▸ **EXERCISE PROMPT**
Set down all of the data exactly. Pictures stay out of the copy.
(Beginning of PROVIDED DATA)
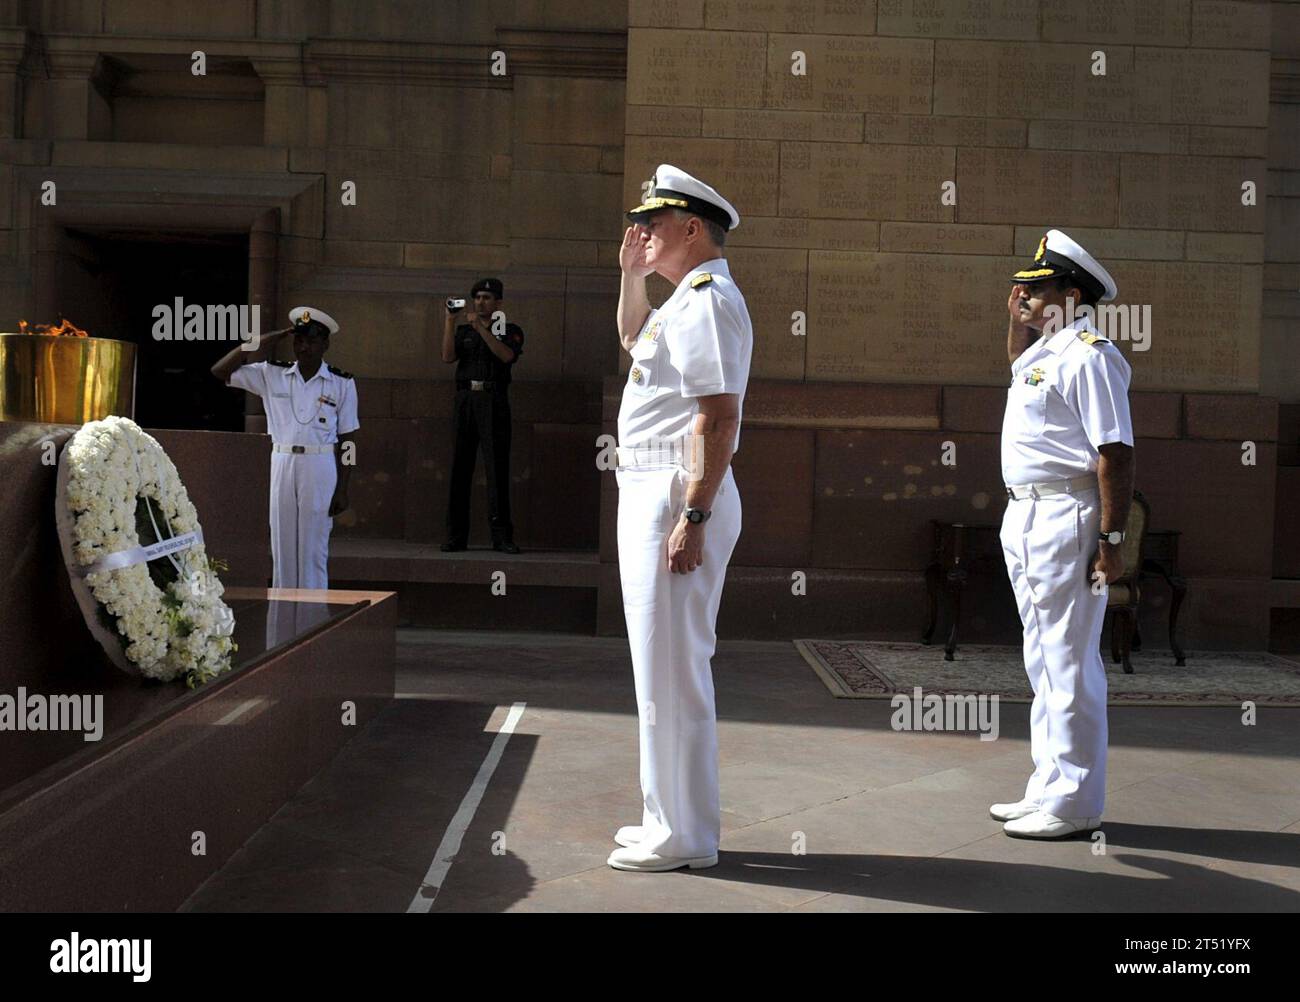 1004128273J-028 NEW DELHI (April 12, 2010) Chief of Naval Operations (CNO) Adm. Gary Roughead renders honors during a wreath laying ceremony at Amar Jawan Jyoti in New Delhi.  Navy Stock Photo
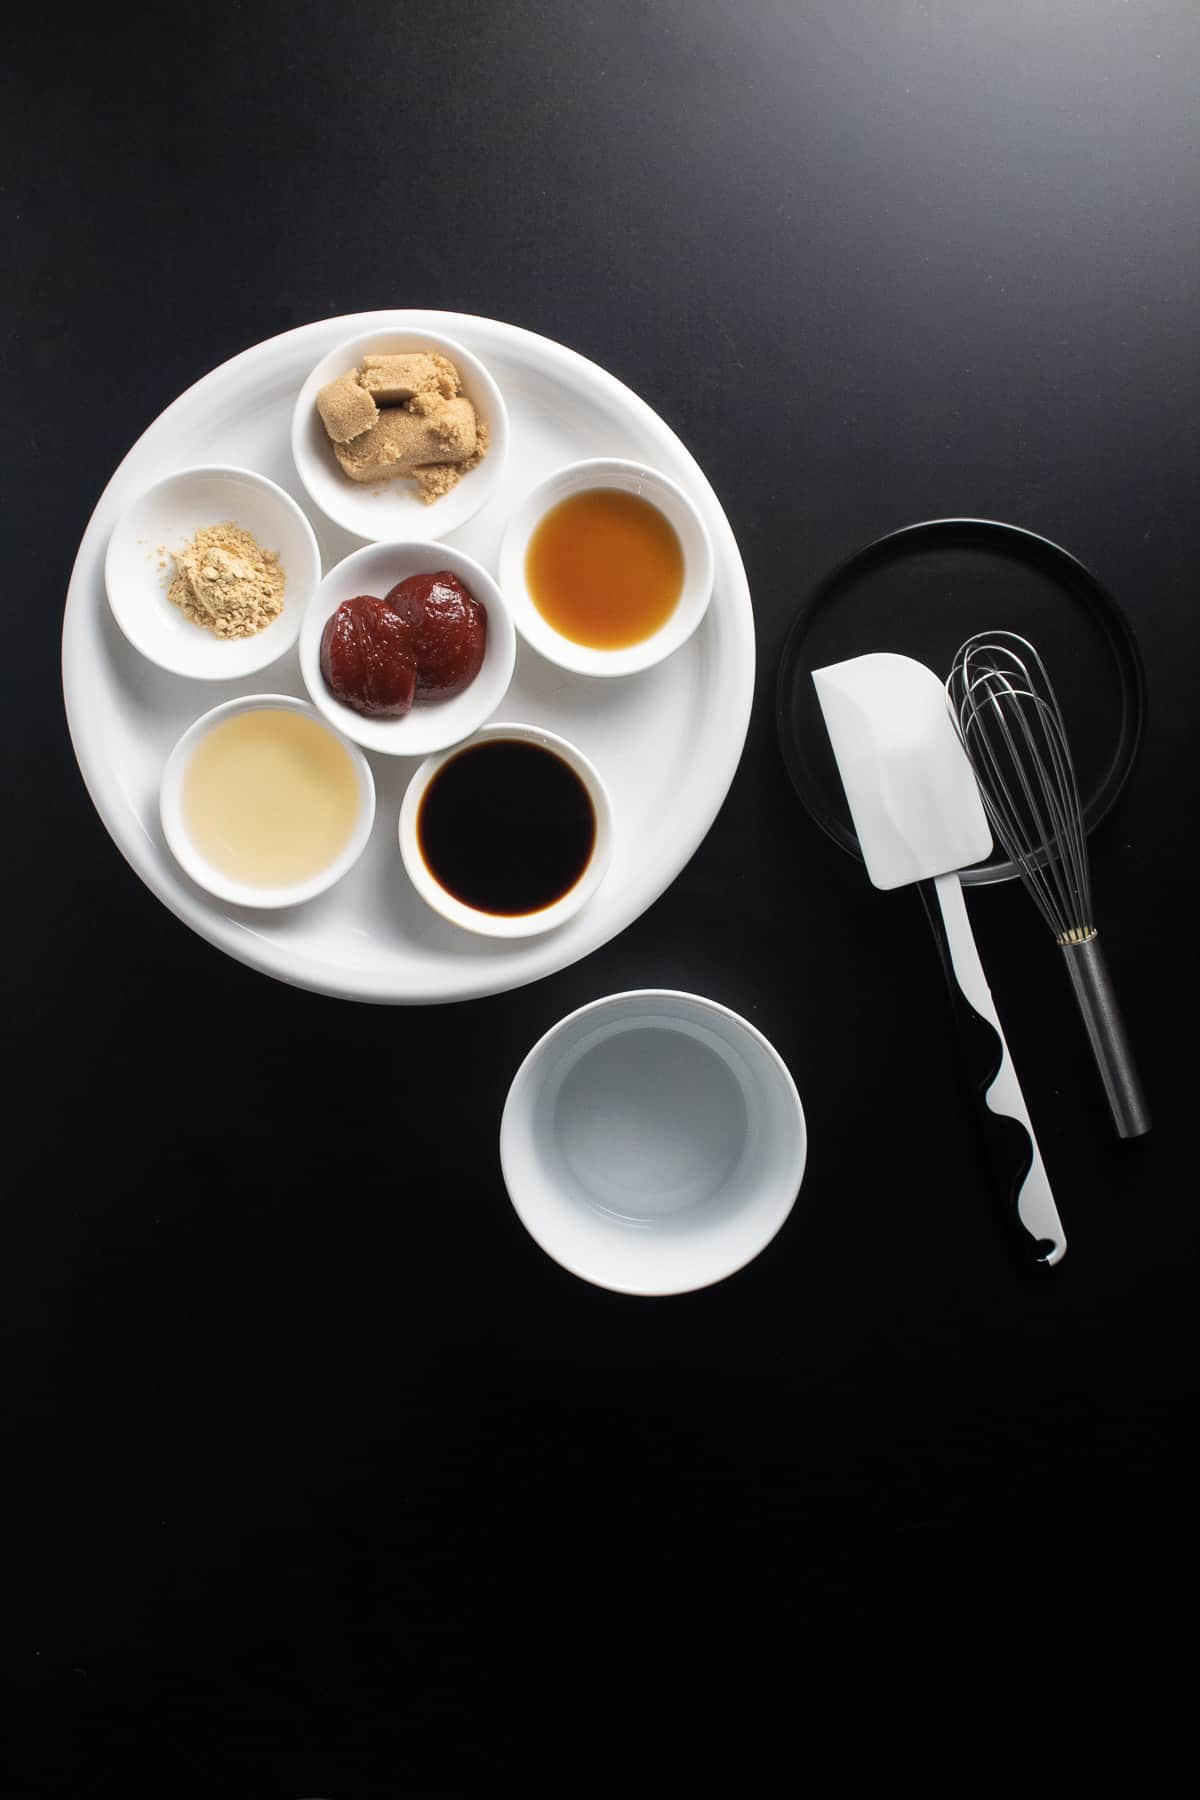 Ingredients for the gochujang sauce are arranged on a white plate on a black surface and next to a spatula, whisk, and small bowl.
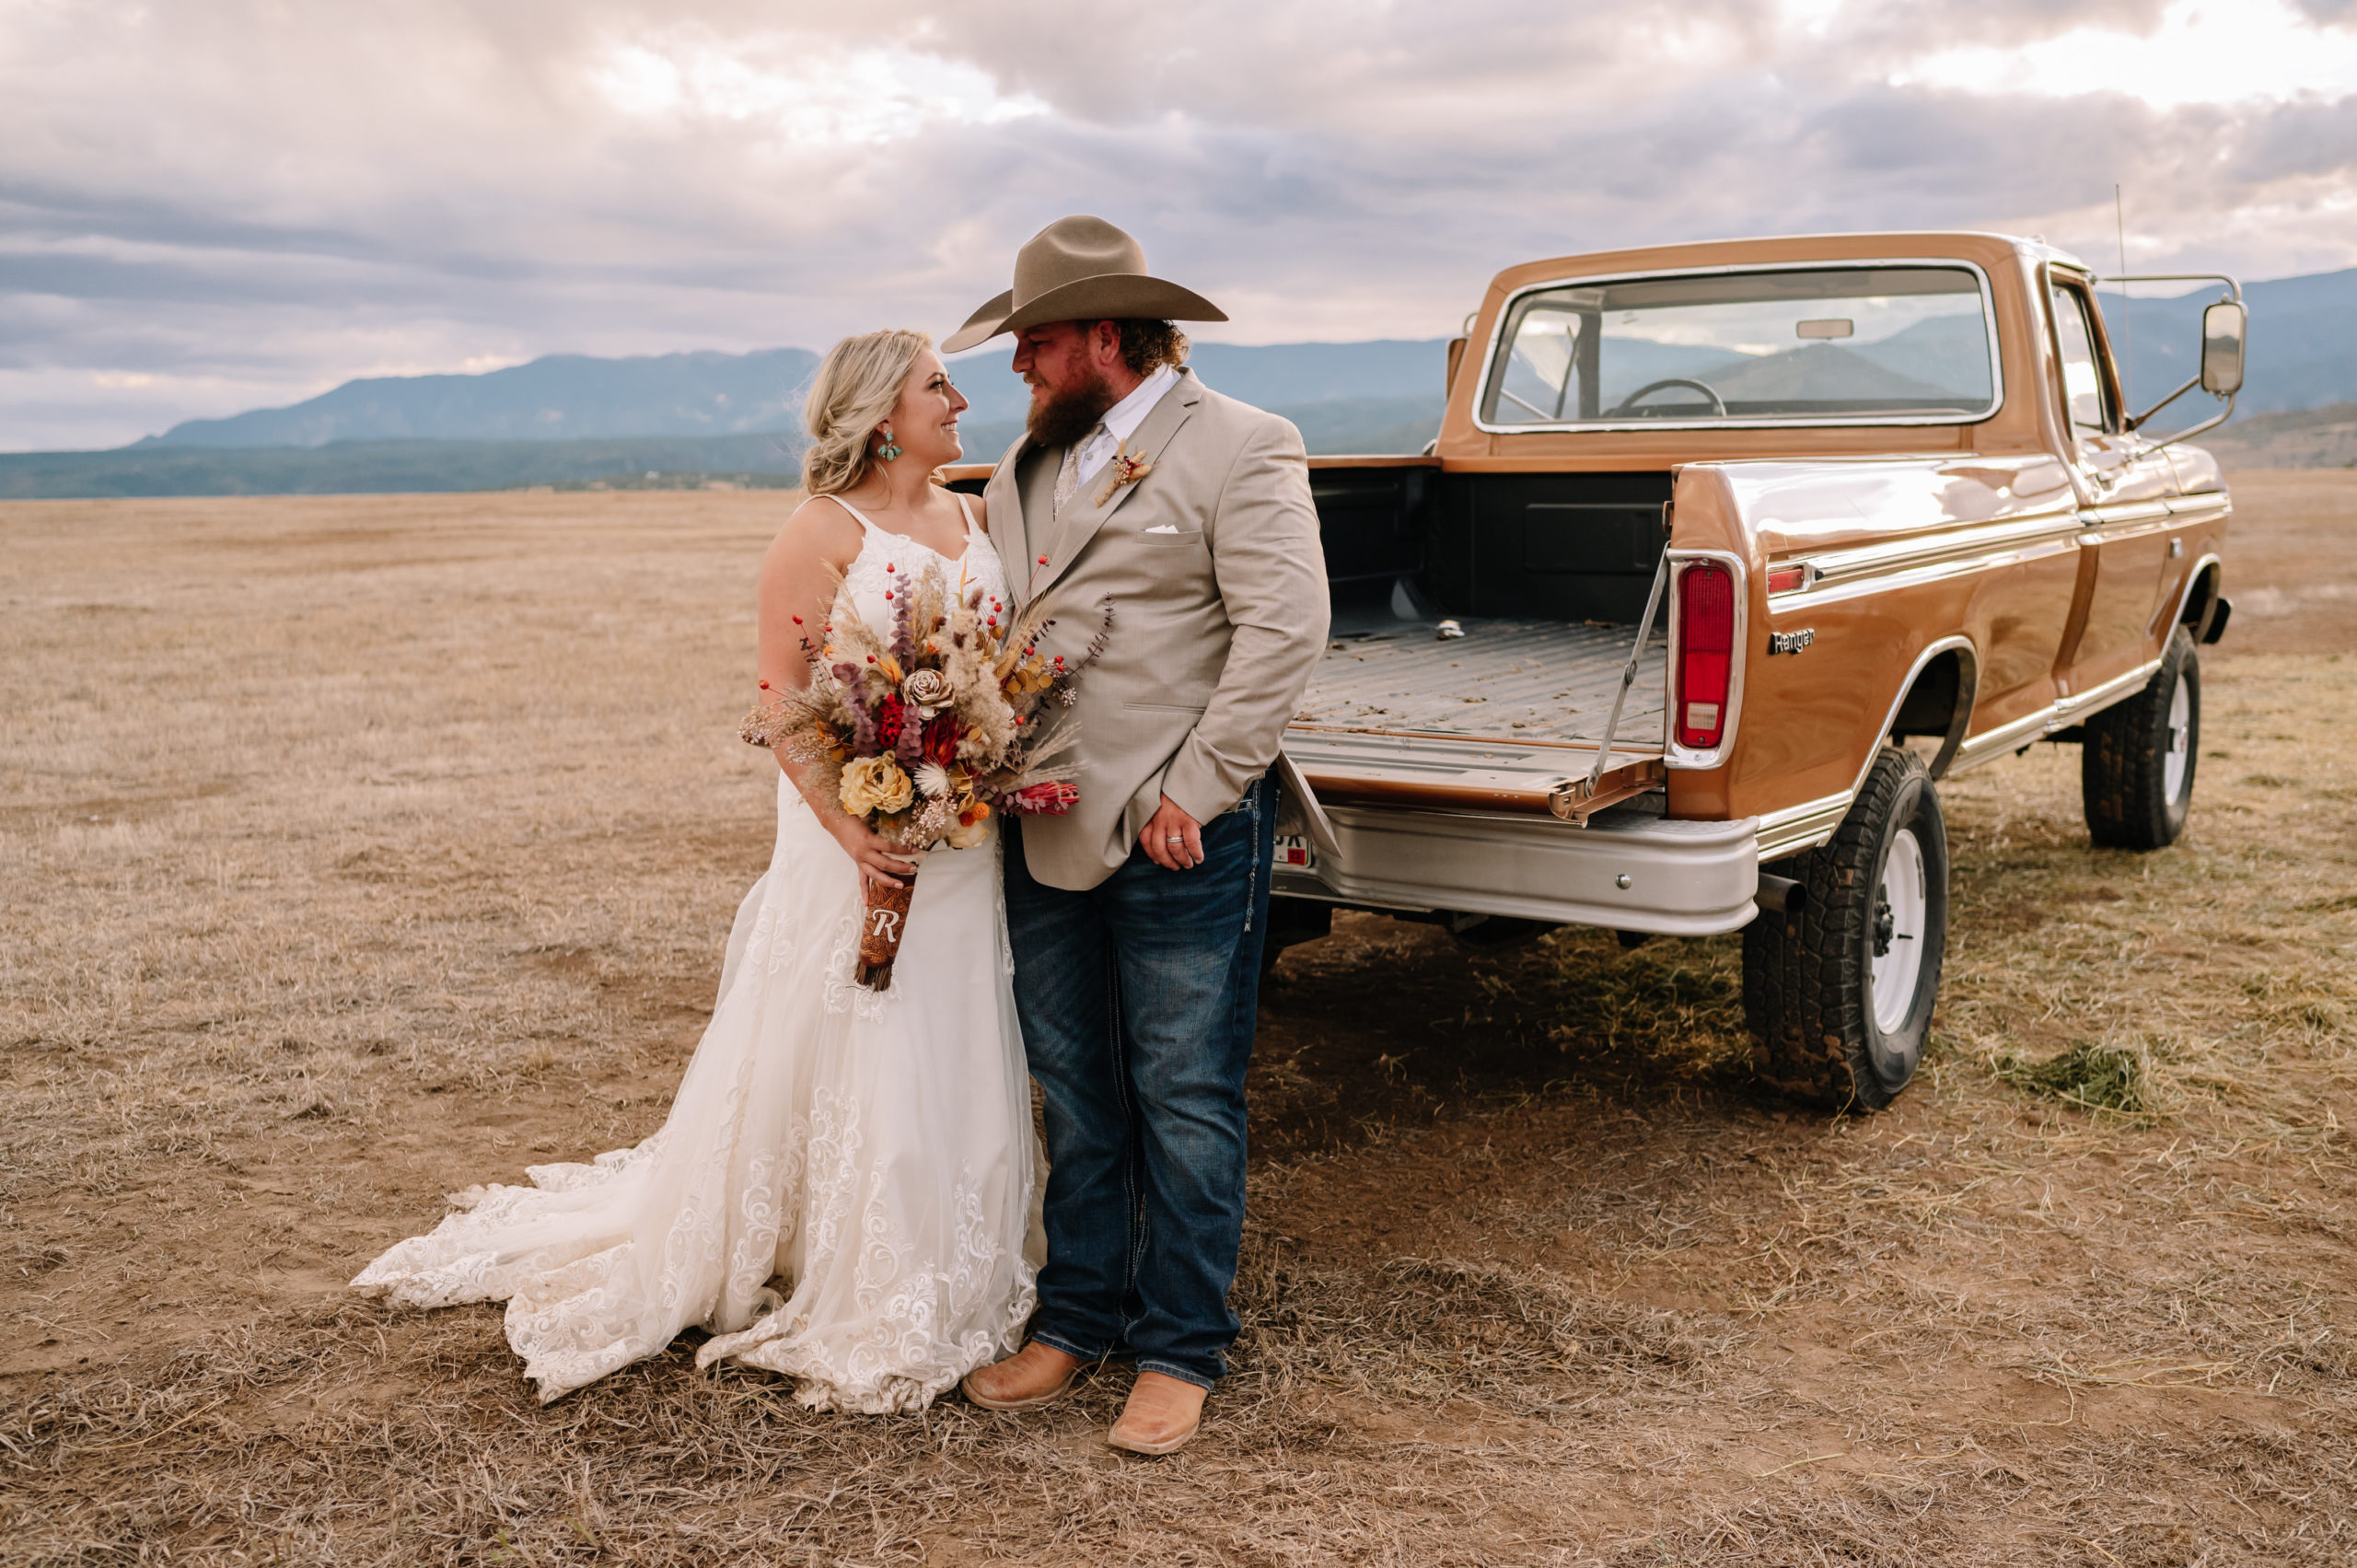 Bride and groom looking into eachother's eyes in front of old Ford pickup truck.
(End of PROVIDED DATA)
▸ **TASK RESULT**
 1004128273J-028 NEW DELHI (April 12, 2010) Chief of Naval Operations (CNO) Adm. Gary Roughead renders honors during a wreath laying ceremony at Amar Jawan Jyoti in New Delhi.  Navy Stock Photo
 Ingredients for the gochujang sauce are arranged on a white plate on a black surface and next to a spatula, whisk, and small bowl.
 Bride and groom looking into eachother's eyes in front of old Ford pickup truck.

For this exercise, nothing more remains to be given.